Le Conseil sur la comptabilité dans le secteur public n’a pas encore lancé de projet axé sur l’IA, mais son président Clyde MacLellan, FCPA, reconnaît l’importance de cette technologie. « Dans le secteur public, le pouvoir de l’IA réside sans doute dans l’accélération des processus, qui permettra aux préparateurs d’états financiers/ou d’information financière de mieux répondre aux besoins des parties intéressées et concernées. »
Par exemple, Debra Feltham utilise Syft pour créer et analyser rapidement des rapports sur les indicateurs clés de performance. Elle se sert ensuite des informations obtenues pour tenir des discussions stratégiques.
Syft (à partir de 15 $ US par mois) et d’autres logiciels d’IA sont assez abordables pour que même les professionnels exerçant seuls et les petits cabinets comptable puissent dégager un rendement sur le capital investi. « Grâce à ce logiciel, nous pouvons en faire plus pour le client et offrir une meilleure valeur », se félicite la FCPA.
Selon Melissa Robertson, les cabinets doivent commencer par comprendre comment fonctionne l’IA et comment ils s’en serviront, avant de pouvoir se doter de politiques adaptées en parallèle avec la mise en œuvre de la technologie. Elle insiste aussi sur l’importance de ne pas saisir d’informations exclusives ou sensibles dans de tels logiciels, car ceux-ci risquent de les diffuser.

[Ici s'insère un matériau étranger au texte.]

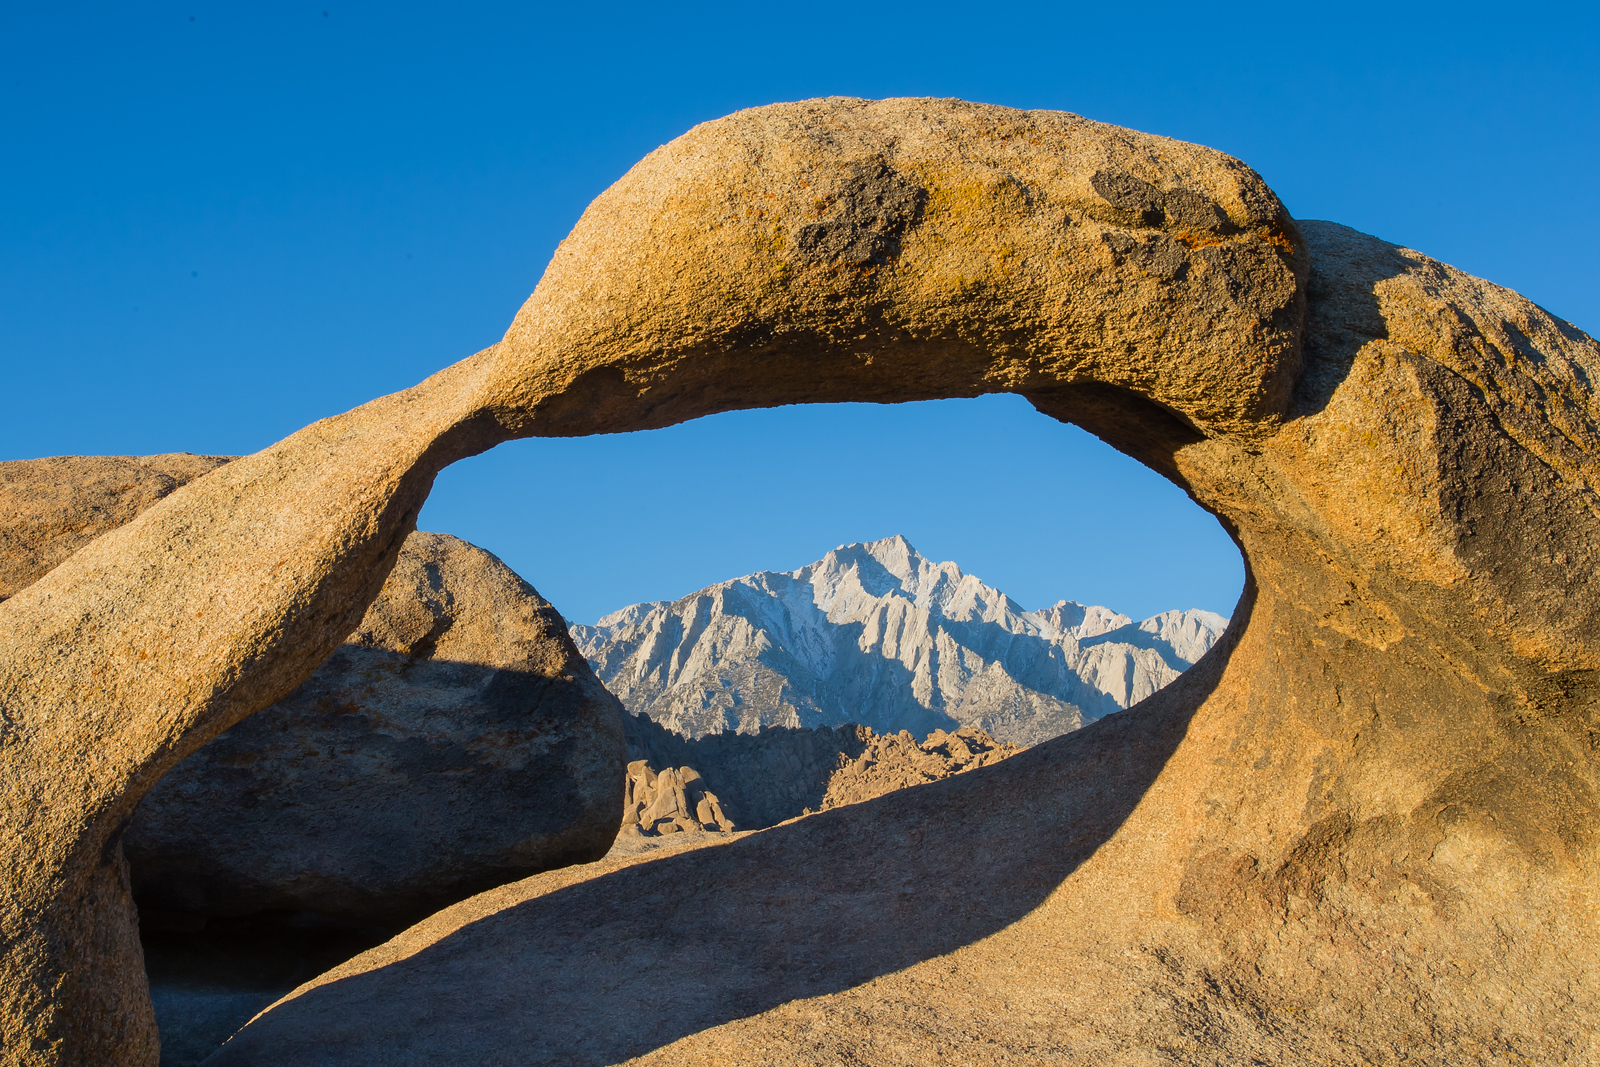 Cathedral peak  through Mobius Arch - Lone Pine, CA, USA

Debra Feltham, elle, souligne que l’IA ne devrait pas remplacer les examens manuels et que les CPA doivent utiliser avec circonspection les nouvelles technologies.
« Les comptables doivent faire preuve d’un jugement professionnel. » Ils doivent apprendre à utiliser l’IA de façon responsable, mais surtout « ne pas craindre d’exploiter tout le potentiel de la technologie ».